Task material: Begin

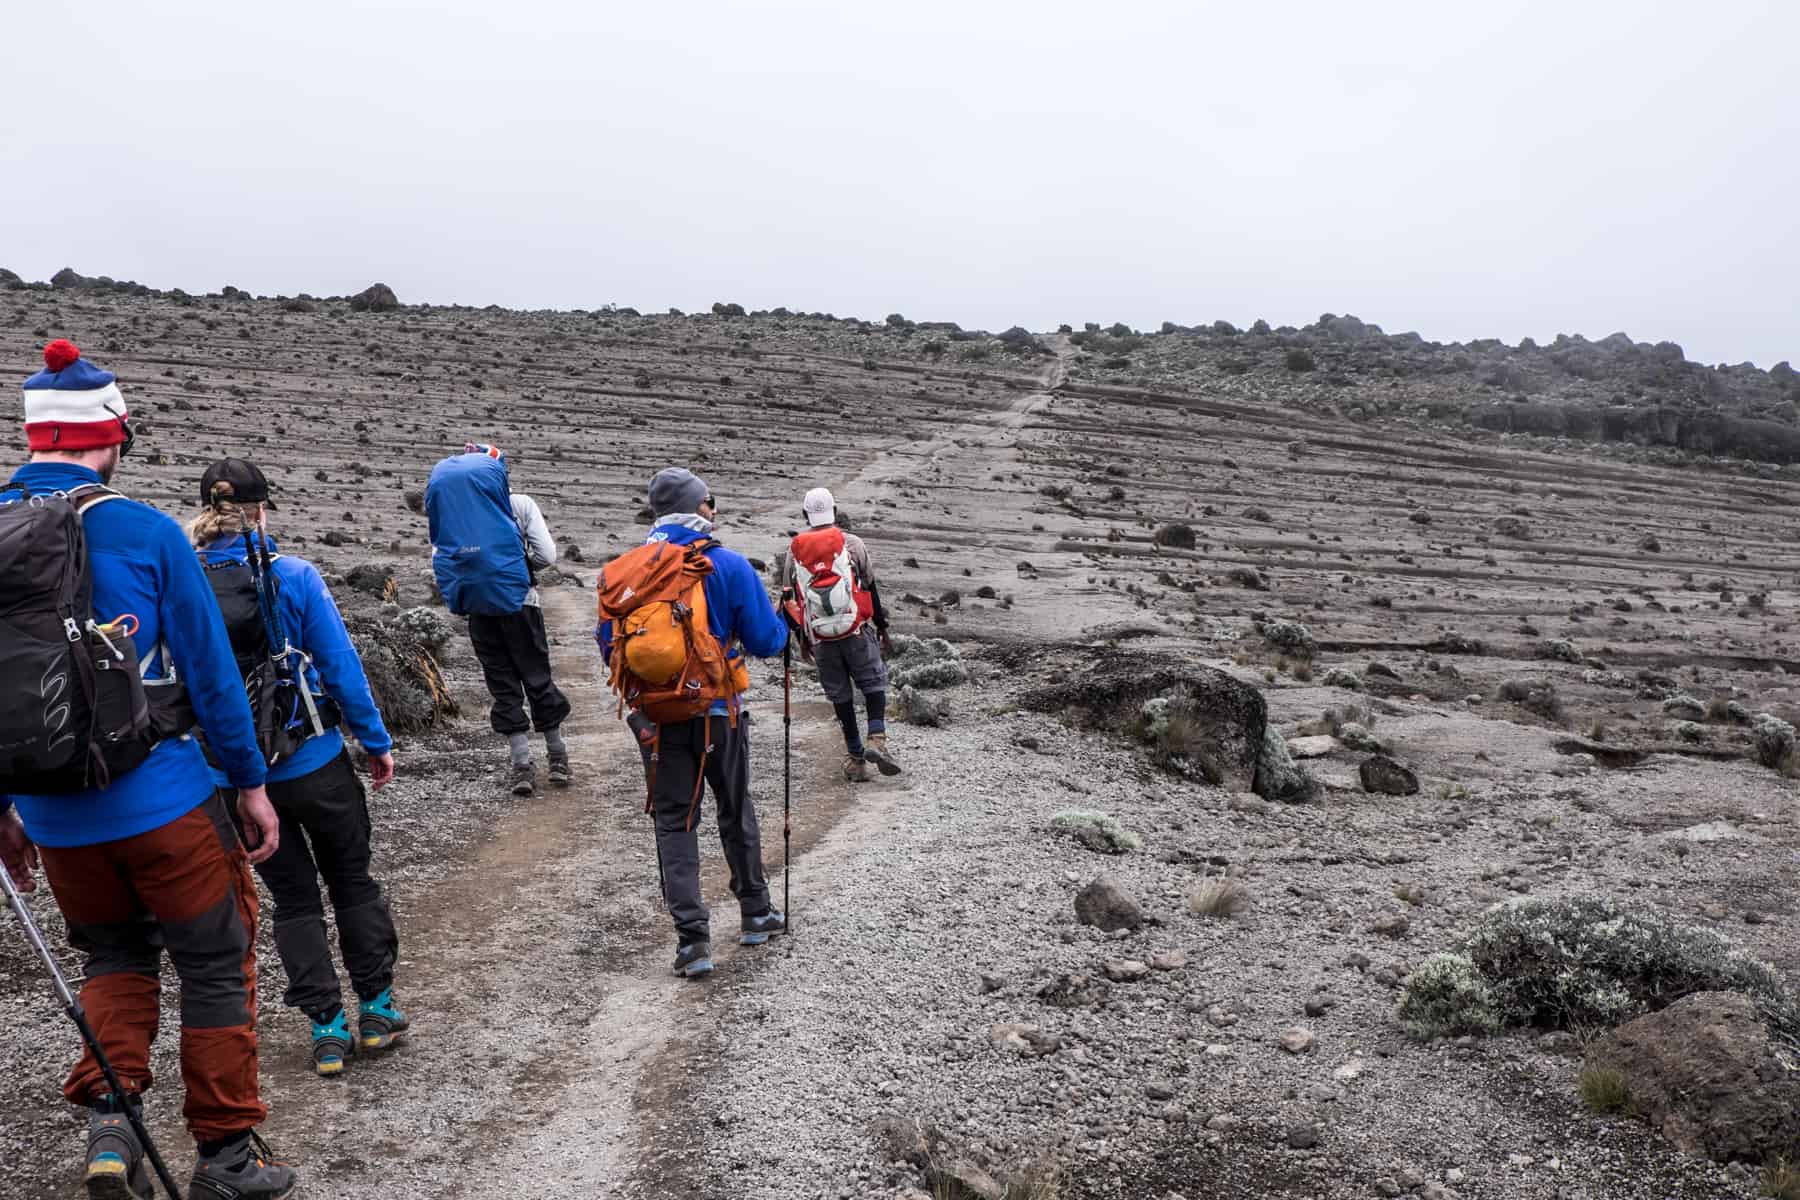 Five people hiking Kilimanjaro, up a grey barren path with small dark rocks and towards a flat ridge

Task material: End
Task material: Begin

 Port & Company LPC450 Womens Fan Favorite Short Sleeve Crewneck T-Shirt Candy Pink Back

Task material: End
Task material: Begin

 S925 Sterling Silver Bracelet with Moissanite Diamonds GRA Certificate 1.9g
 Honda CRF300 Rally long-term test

Task material: End

* **What you should do**: Looking at the records above, return exactly the lines from the line with "S925 Sterling Silver" to the line with "Honda CRF300 Rally long-term test", both ends included.

* **Written solution**:
 S925 Sterling Silver Bracelet with Moissanite Diamonds GRA Certificate 1.9g
 Honda CRF300 Rally long-term test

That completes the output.